Historic preservation isn’t just the purview of academics and architects. It turns out restaurateurs and garden designers can also be important proponents of it.
KET’s The Local Traveler visited businesses in two Lexington neighborhoods to see how preserving the historic fabric of a community can also be good for the economy.
Where Food Is Revitalizing the Neighborhood
Jefferson Street only runs a short distance in downtown Lexington, from the end of West High Street northeast to Sixth Street. But within those few blocks is a thriving corridor of establishments offering food, drink, and entertainment to appeal to a variety of tastes.

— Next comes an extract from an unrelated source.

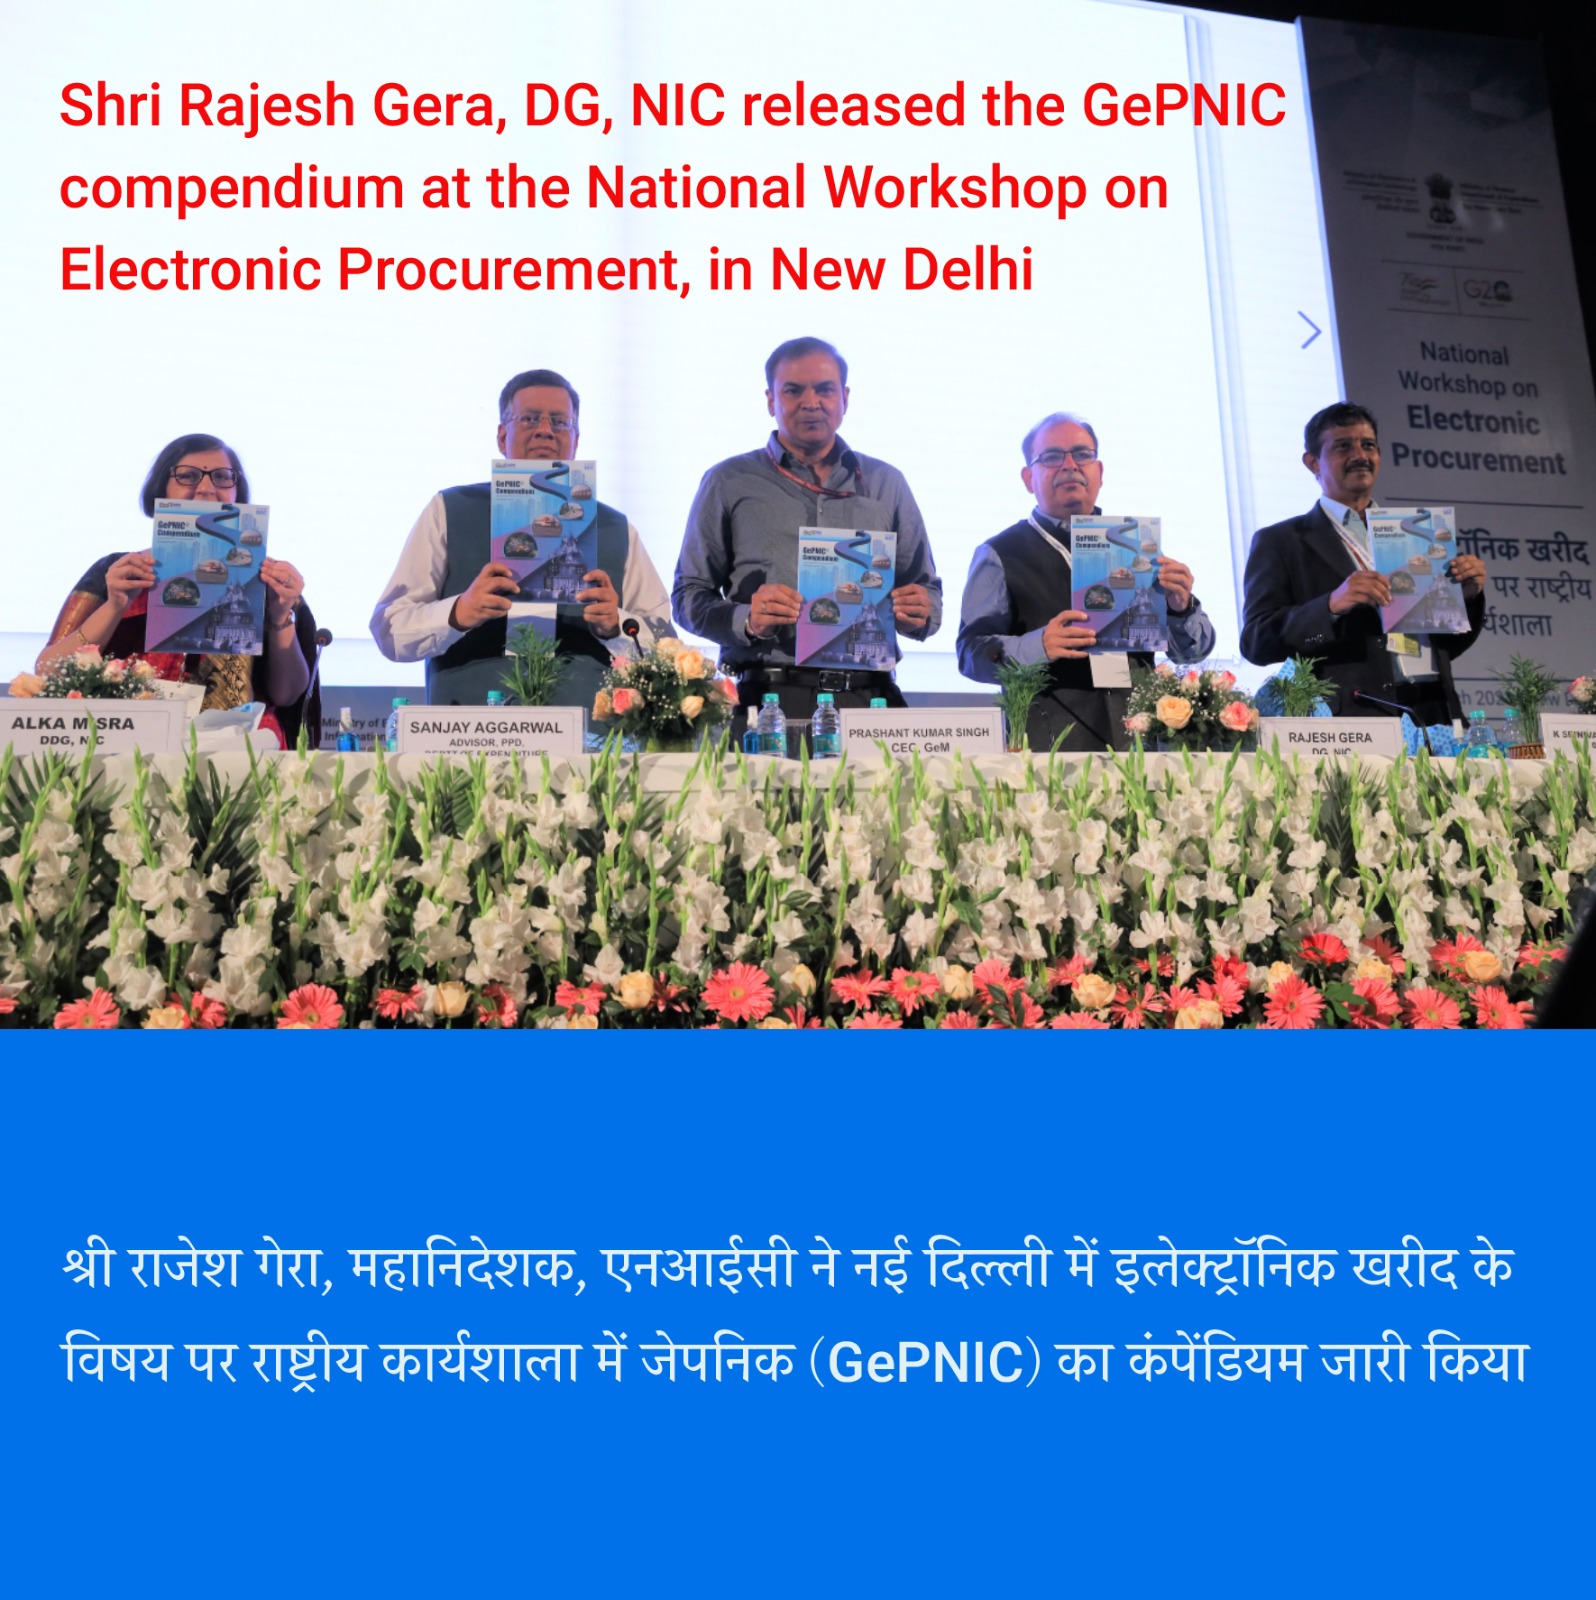 Image of नई दिल्ली में इलेक्ट्रॉनिक खरीद पर राष्ट्रीय कार्यशाला में GePNIC कंपेंडियम का विमोचन।

The pioneer in the Jefferson Street renaissance is Stella’s Deli. Paul Holbrook and Lester Miller now own the restaurant that’s tucked inside a yellow Victorian-era cottage with gingerbread trim. In addition to preserving the building, Holbrook and Miller have outfitted their business with vintage furniture and fixtures.
“The importance of historic preservation is not only preserving intact structures architecturally, but preserving, when some structure is torn down, the parts that can be reused and rehabilitated,” says Holbrook. “We’re trying to both here at Stella’s.”
Miller says everything at Stella’s from the lunchtime sandwiches to the dinner entrees is made in-house with fresh, local ingredients. The restaurant also features homemade flavored sodas and a specialty dessert that Holbrook makes from chocolate, cream cheese, whipped cream, and almonds called the Mary Porter Pie.
Miller and his wife, Aumaine Mott, have been honored by The Blue Grass Trust for their preservation along Jefferson Street, as have Don and Barb Wathen, the owners of Nick Ryan’s Saloon. This comfortable eatery just up the street from Stella’s features a number of signature dishes like their shrimp and grits, sesame-crusted ahi tuna, and a Kentucky Hot Brown that’s based on a recipe that Don’s father created.
A few doors north of Nick Ryan’s and on the other side of the street is The Gray Goose. Owner Keith Clark bought the building, which was a deli at one time, in 2004 and converted it into a restaurant. In addition to salads, sandwiches, fish and chips, and steaks, The Gray Goose features scratch-made, thin crust New York-style pizzas.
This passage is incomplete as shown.